Reinstalling xformers as Fuzzydemon said worked for me as well.
I changed the installation of xformers with this solution in the new version, if someone could check if this fixes the problem
@UmeAiRT I'll try it _ no work
A clean install with version 2.4 worked well for me on a 5090. I tested both GGUF I2V and TXT2IMG without any errors. Some models, like clip_vision_h, initially failed to download and appeared as 1KB files in the folder. I downloaded those manually, and everything is running smoothly now.
Im new to all this - how do I load workflows?
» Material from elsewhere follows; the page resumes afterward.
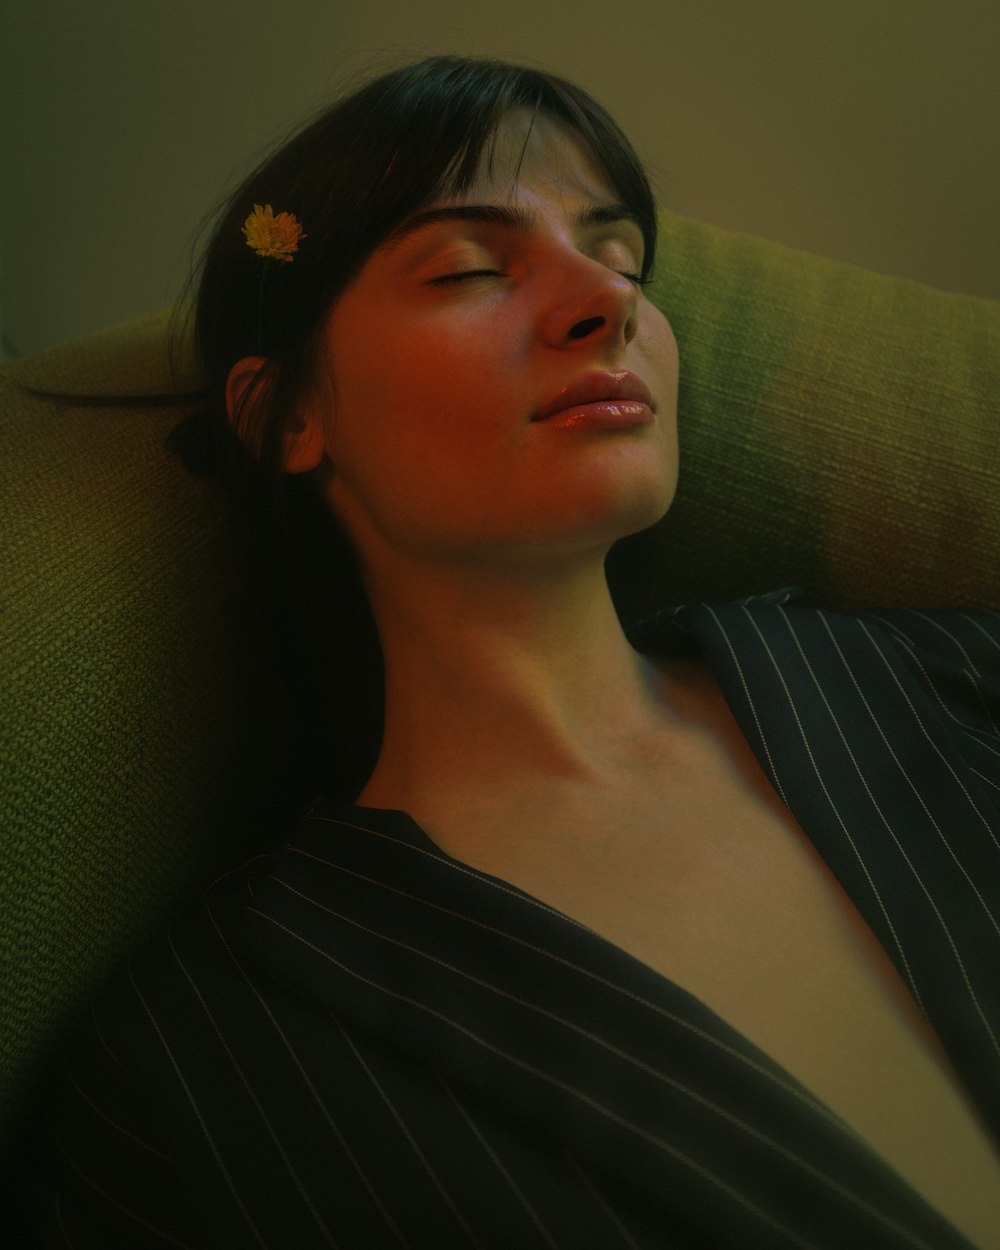 a woman sleeping on a couch with a flower in her hair

Im not sure what to start reading to figure this out
There are thousands of videos on YouTube, that's how I learned.
Also saying please and thank you might help you ;)
@skpManiac While I believe in being polite - that answer will not get a "thank you" lol - I did a google search and had a hard time. I ended up figuring it out on my own.
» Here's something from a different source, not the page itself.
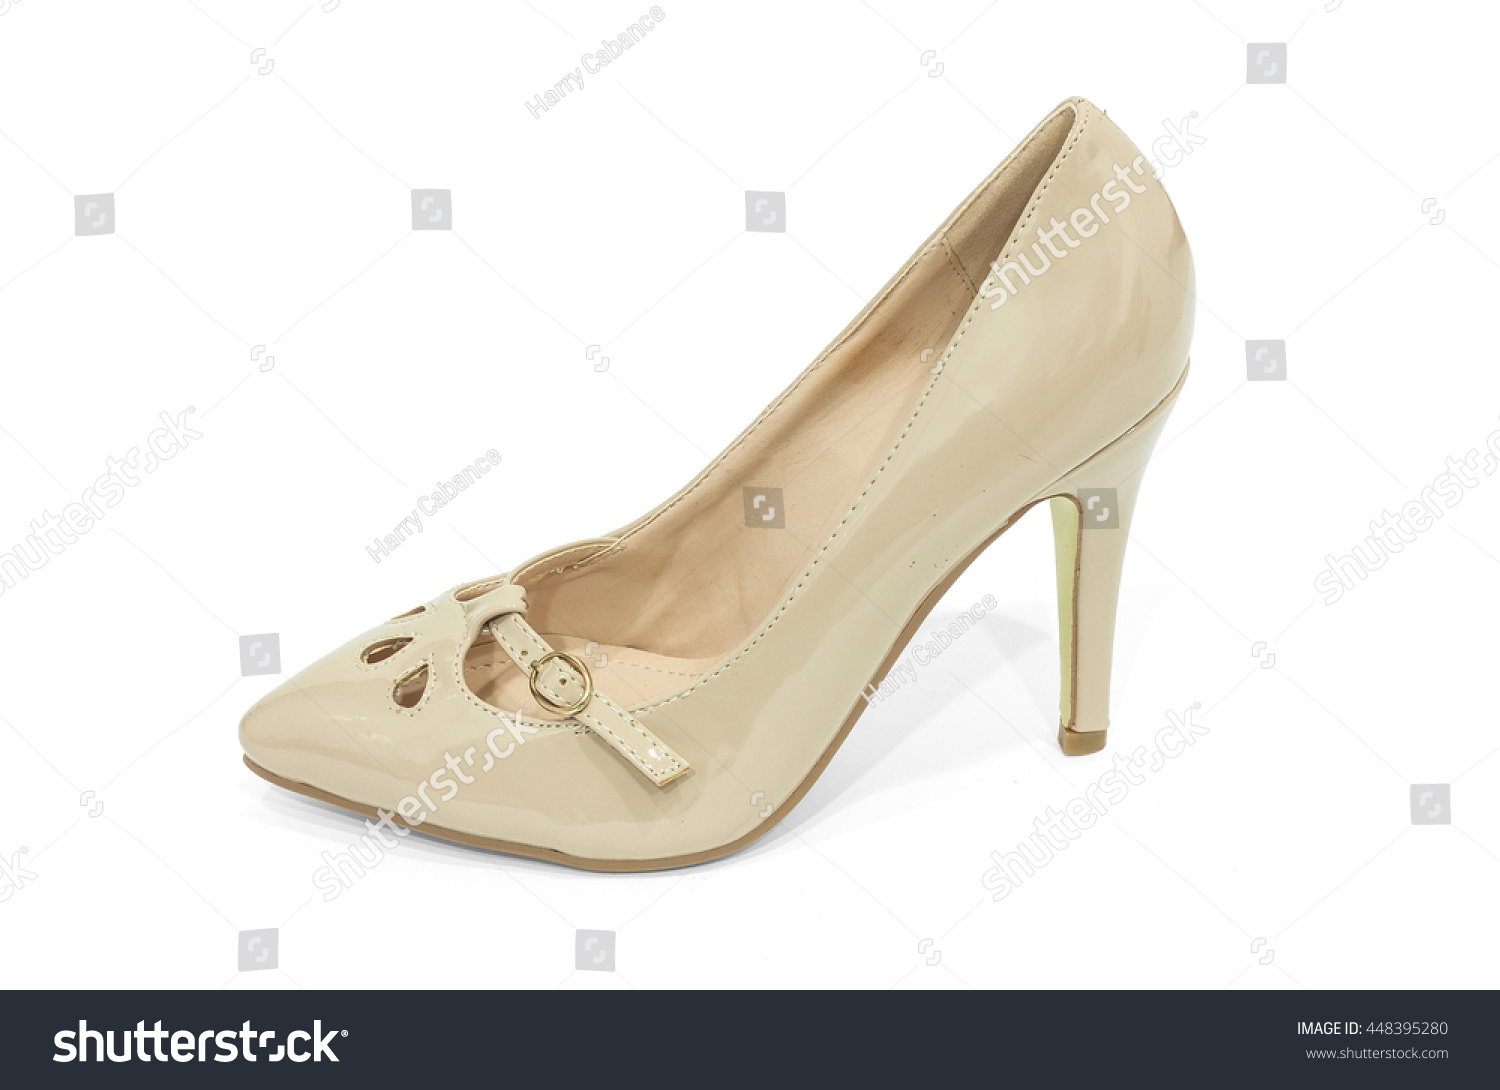 Ladies Cream Colored High Heels Shoes

Is v2.3 needed because there was an issue with APEX in v2.2? Can I self-fix this issue in v2.2 or how should I check?
It's only a fix for using PuLID workflow and yes you can just fix the 2.2 by fixing the built-in apex installation
RTX 5090 gives various errors...
I started a new topic so I can keep track of what I try to fix it ;) I know you're aware of the issue (as seen on other posts)I tried to fix it by firstly changing the security level, then running this PIP (which I use to fix Forge, so thought it may work)
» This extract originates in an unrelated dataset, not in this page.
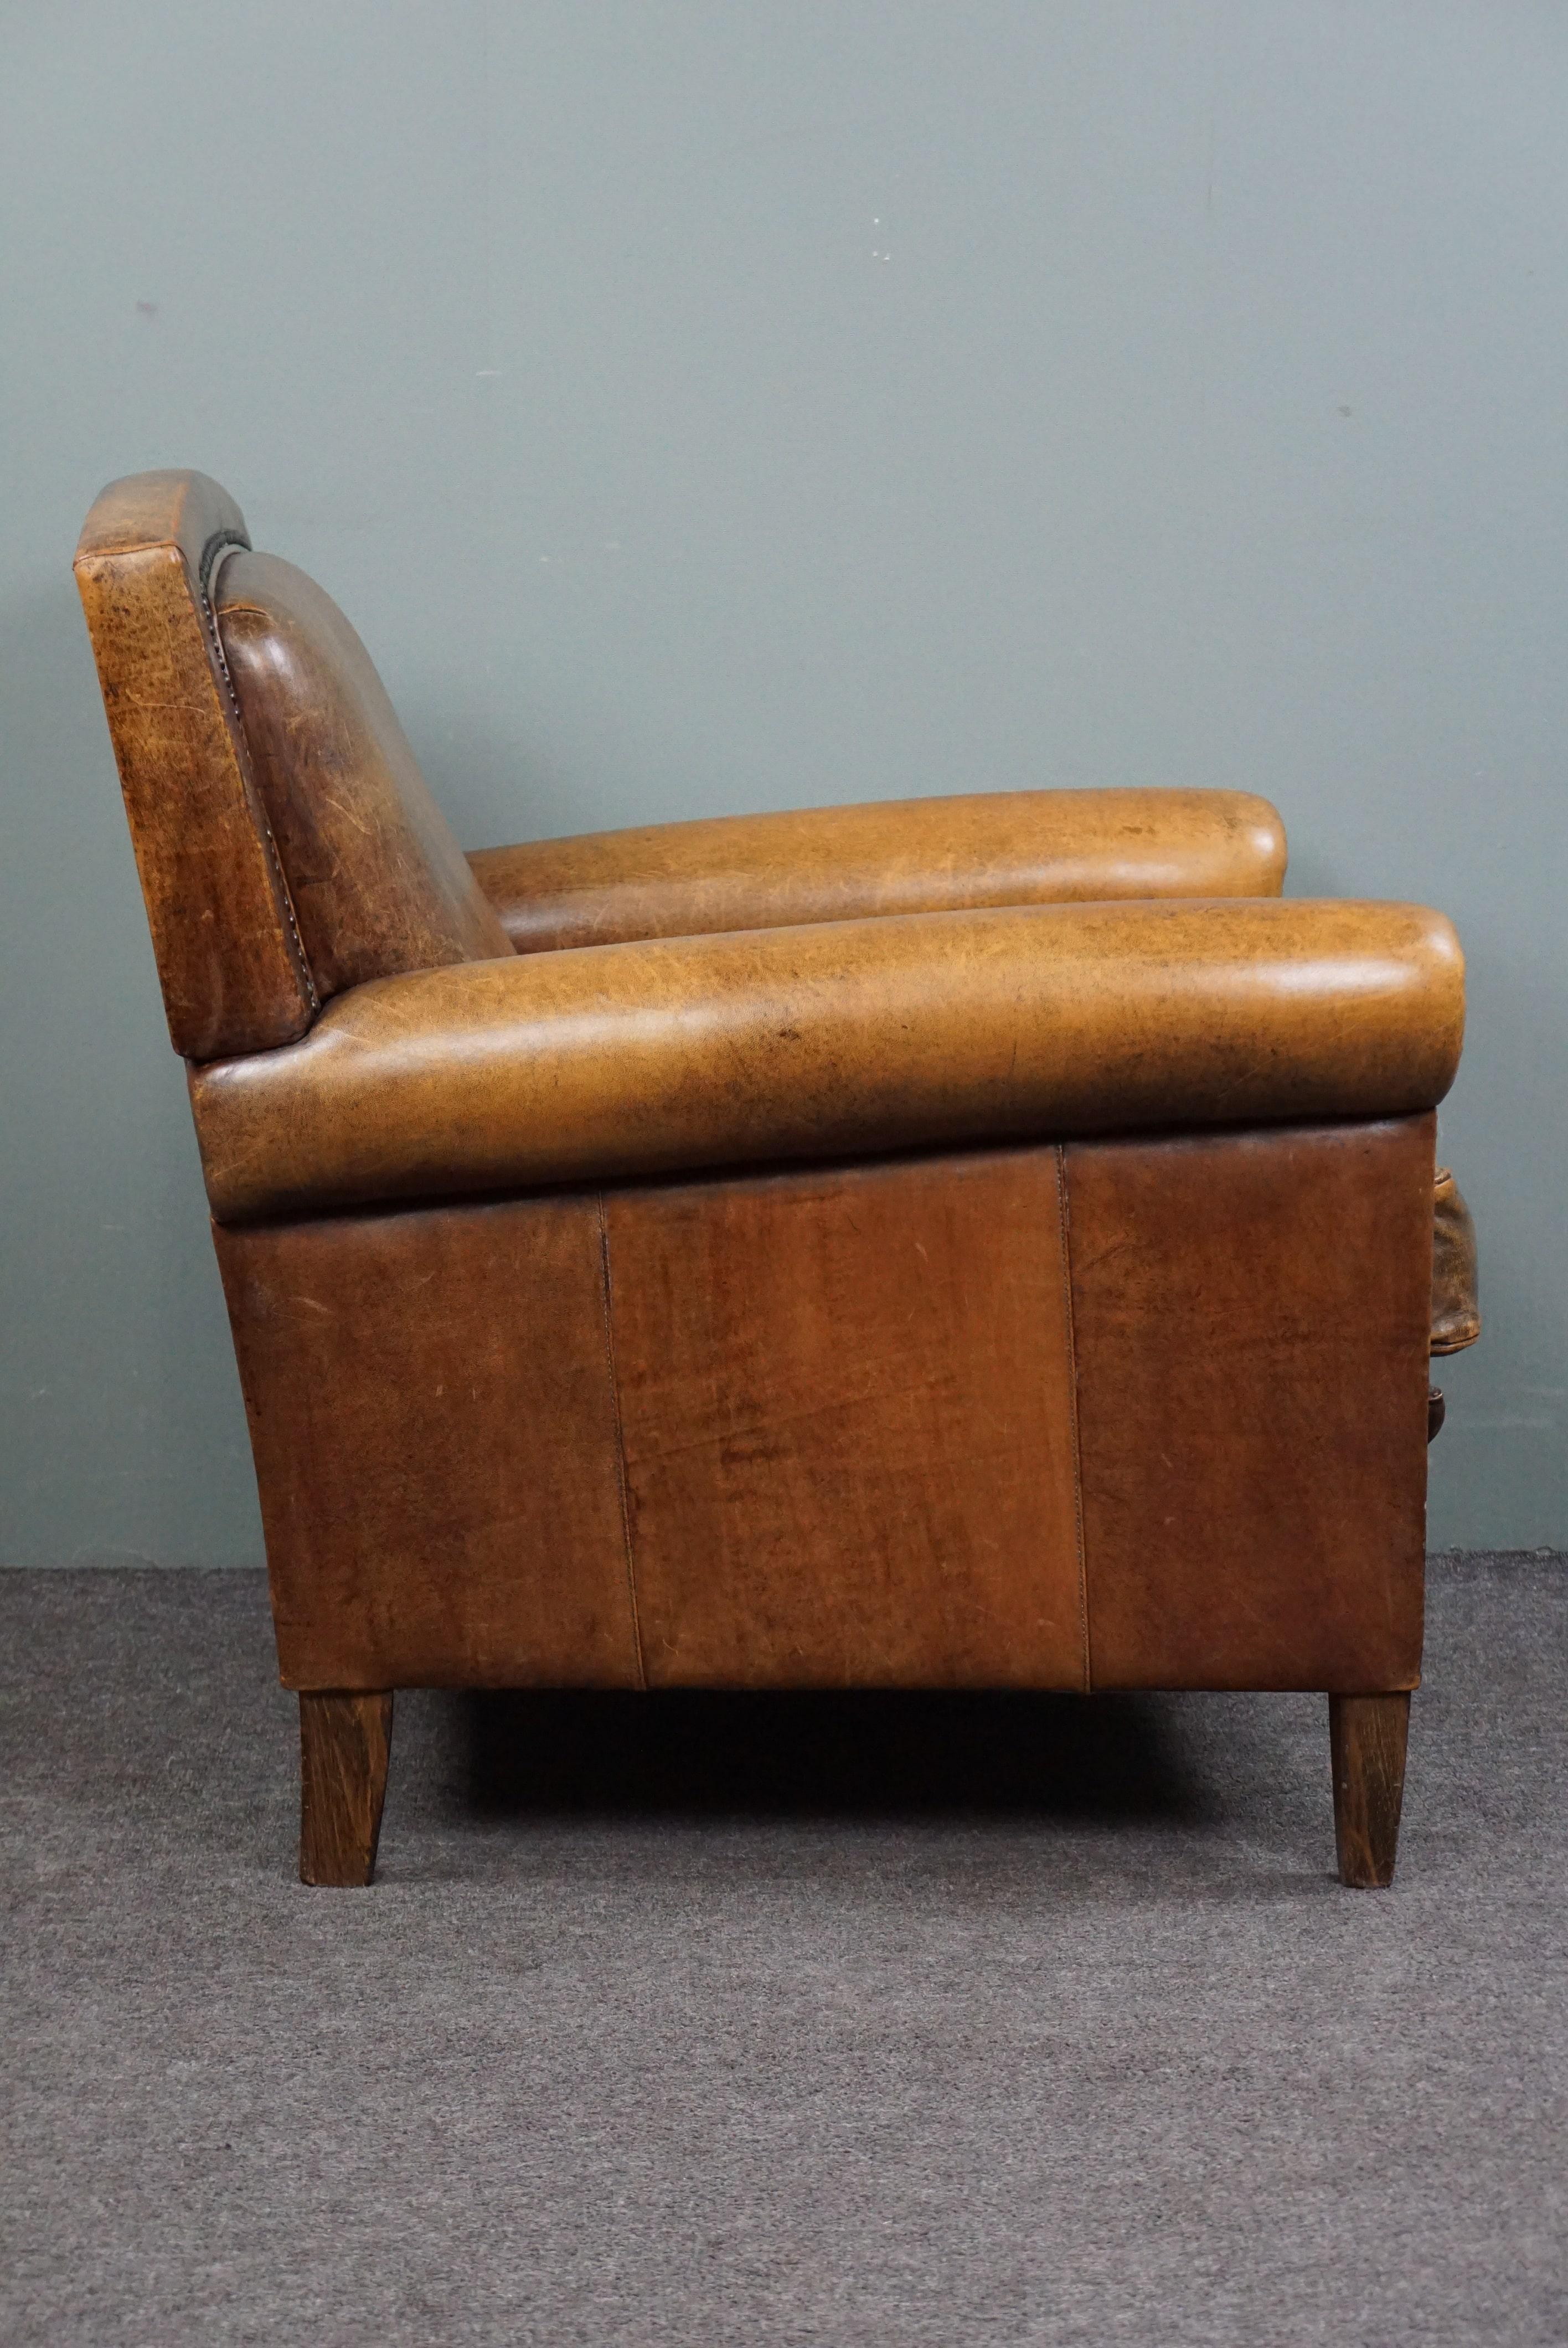 Well-fitting Sheepskin Leather Armchair/Fauteuil. In Excellent Condition For Sale In Harderwijk, NL

torch torchvision torchaudio --extra-index-url https://download.pytorch.org/whl/test/cu128 --force-reinstall
I can make videos if I run the sageattention.bat but I am totally unable to upscale. I've re-installed teacahce etc, but still get this error:
CUDA kernel errors might be asynchronously reported at some other API call, so the stacktrace below might be incorrect.
For debugging consider passing CUDA_LAUNCH_BLOCKING=1
Compile with TORCH_USE_CUDA_DSA to enable device-side assertions.
, using pytorch attention instead.
If it helps, you can have remote access to my PC for a few hours after next week. :)
I checked your auto installer. Have to test more, but for starters comfyui manager button didn't show up even though the folder was in the custom nodes, so i had to reinstall it. In any case, amazing job here, this worked great and should be a must for comfyui newcomers.
EDIT: Let me add, this tool is mindblowing. Not only does it install everything that you need, but also comes preloaded with some absolutely mindblowing workflows for WAN and FLUX, something that i wasn't expecting. If you're new to comfyui or your installation is a mess with errors or other issues, make yourself a favour and make a clean install with this tool, you won't regret it.